Researchers in China and the US provide details on the "Pan-cancer methylation quantitative trait loci" (Pancan-meQTL) database, which currently includes information on the ways that genetic variants affect methylation in more than 7,200 tumors from 23 cancer types profiled for the Cancer Genome Atlas project. When the team brought together genotypes and DNA methylation profiles for the TCGA tumors, it uncovered more than 8 million apparent QTLs influencing nearby methylation marks and almost 965,050 meQTLs acting in trans. At least some of the meQTLs show potential ties to cancer outcomes or overlap with variants found in genome-wide association studies, the authors say, calling Pancan-meQTL "a valuable resource for investigating the roles of genetics and epigenetics in cancer."
A Czech Republic-led team introduces a database for compiling sequences and other information on ancient mitochondrial genomes. The current version of the database, known as AmtDB, currently contains sequences, geographical origins, radiocarbon dated-aging, and other meta-data for more than 1,100 ancient mitochondrial DNA samples going back to the Paleolithic Period, including almost 900 full mitochondrial genomes. The researchers say that the resource offers a "consistent way of mapping the published [ancient DNA] samples from different sources," in conjunction with available meta-data that "itself can be easily used in ancient genomic, archeological, or anthropological studies."

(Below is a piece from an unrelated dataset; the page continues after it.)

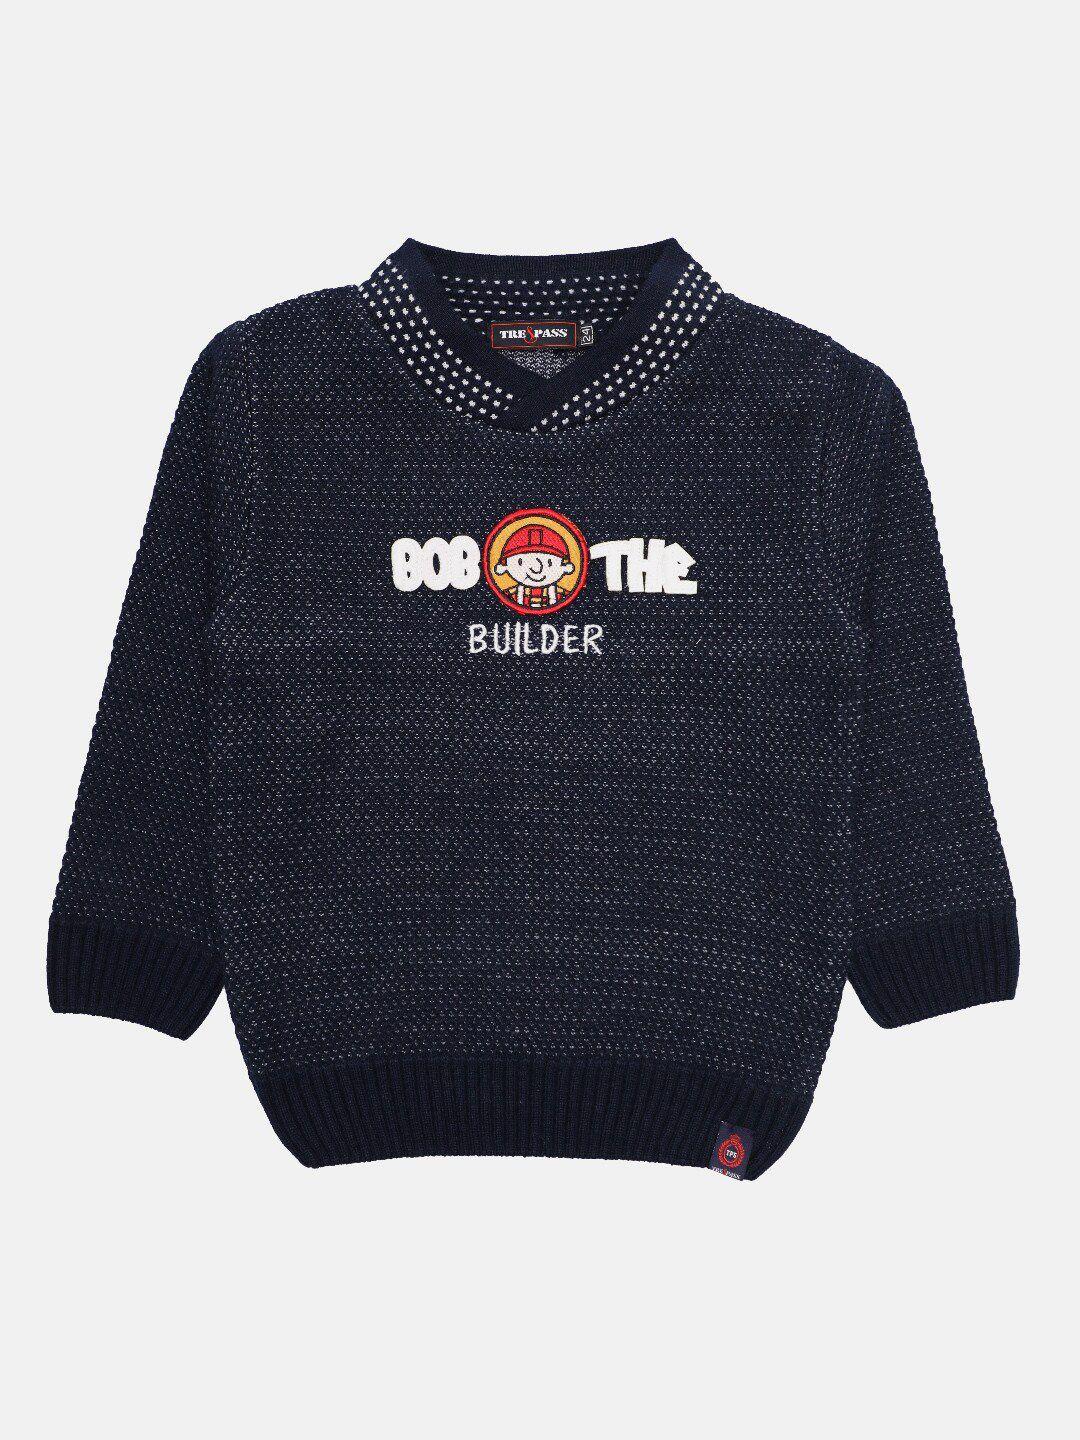 tre&pass boys navy blue & white printed woolen pullover

Finally, researchers from the University of Cambridge, Pfizer Worldwide Research and Development, and Weill Cornell Medicine-Qatar describe a computational strategy for finding promising causal genes from risk variants falling at quantitative trait loci. The researchers applied "Prioritization of candidate causal gene(s) at molecular QTLs," or ProGeM, to a set of known metabolite QTLs and to cis-QTLs suspected of influencing blood plasma protein levels based on data for 3,301 healthy individuals. The ProGeM approach compared favorably with expert curation, the authors report, noting that their results "suggest that many of the same bottom-up criteria can be used to effectively prioritize the most likely true positive causal genes for both mQTLs and pQTLs, and that ProGeM may be applicable to other molecular QTL datasets beyond those tested here."